6. The echo compression method of claim 5,

determining a near-end speech value through a first equation set according to the first average correlation coefficient and the second average correlation coefficient;

the first set of equations includes:

wherein T represents the near-end speech value; the above-mentioned

Characterizing the first average correlation coefficient; the above-mentioned

7. An echo compression device, comprising:

the processing module is used for performing echo compression processing on the residual echo signal by using the gain information determined by the gain information determining module;

the near-end speech determination module comprises:

a first coefficient determination submodule for determining a first average correlation coefficient between the near-end signal and the reference signal;

a second coefficient determination submodule for determining a second average correlation coefficient between the near-end signal and the residual echo signal;

the near-end voice determining submodule is used for determining near-end voice information according to the first average correlation coefficient and the second average correlation coefficient;

a first coefficient determination submodule for determining a first near-end smoothing value, a reference smoothing value and a first integrated smoothing value by using the near-end signal and the reference signal through the following equation set; determining a first correlation coefficient of each frequency point according to the first near-end smooth value, the reference smooth value and the first comprehensive smooth value of each frequency point; summing the first correlation coefficients of all the frequency points, and determining the quotient of the sum result and the total number of the frequency points as a first average correlation coefficient;

wherein R is_abiRepresenting a first comprehensive smooth value corresponding to the ith frequency point; r_aaiRepresenting a first near-end smooth value corresponding to the ith frequency point; r_bbiRepresenting the reference smooth value corresponding to the ith frequency point, β representing the first smooth coefficient, R_ab(i-1)Representing a first comprehensive smooth value corresponding to a near-end signal and a reference signal corresponding to the (i-1) th frequency point; r'_aa(i-1)Representing a first near-end smooth value corresponding to a near-end signal corresponding to the (i-1) th frequency point; r'_bb(i-1)Representing a reference smooth value corresponding to a reference signal corresponding to the (i-1) th frequency point; a is_iA near-end signal corresponding to the ith frequency point; b_iAnd characterizing the reference signal corresponding to the ith frequency point.

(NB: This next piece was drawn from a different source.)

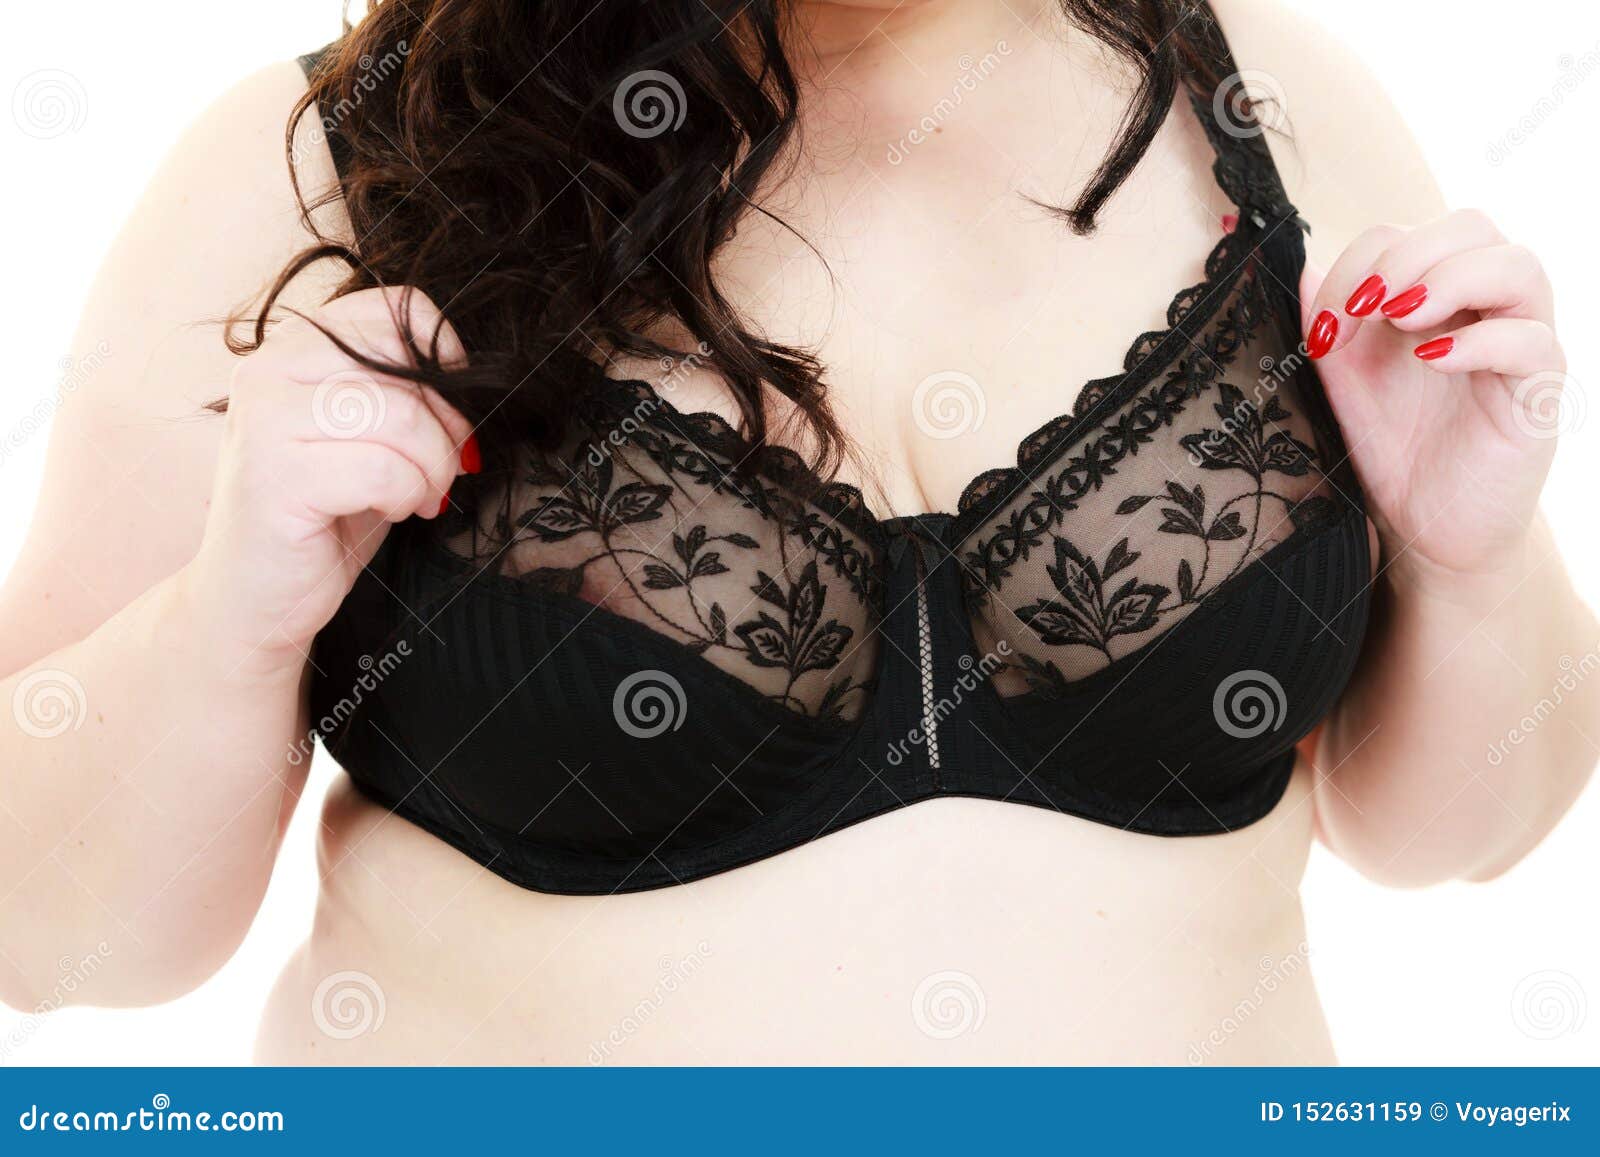 Female Big Breast In Lingerie. Plus Size Chubby Woman Wearing Bra

8. A storage medium comprising a stored program, wherein the program, when executed, controls an apparatus in which the storage medium is located to perform the echo compression method according to any one of claims 1 to 6.

9. An electronic device, wherein the electronic device comprises a processor, a memory and a bus; the processor and the memory complete mutual communication through the bus; the processor is configured to call program instructions in the memory to perform the echo compression method of any one of claims 1 to 6.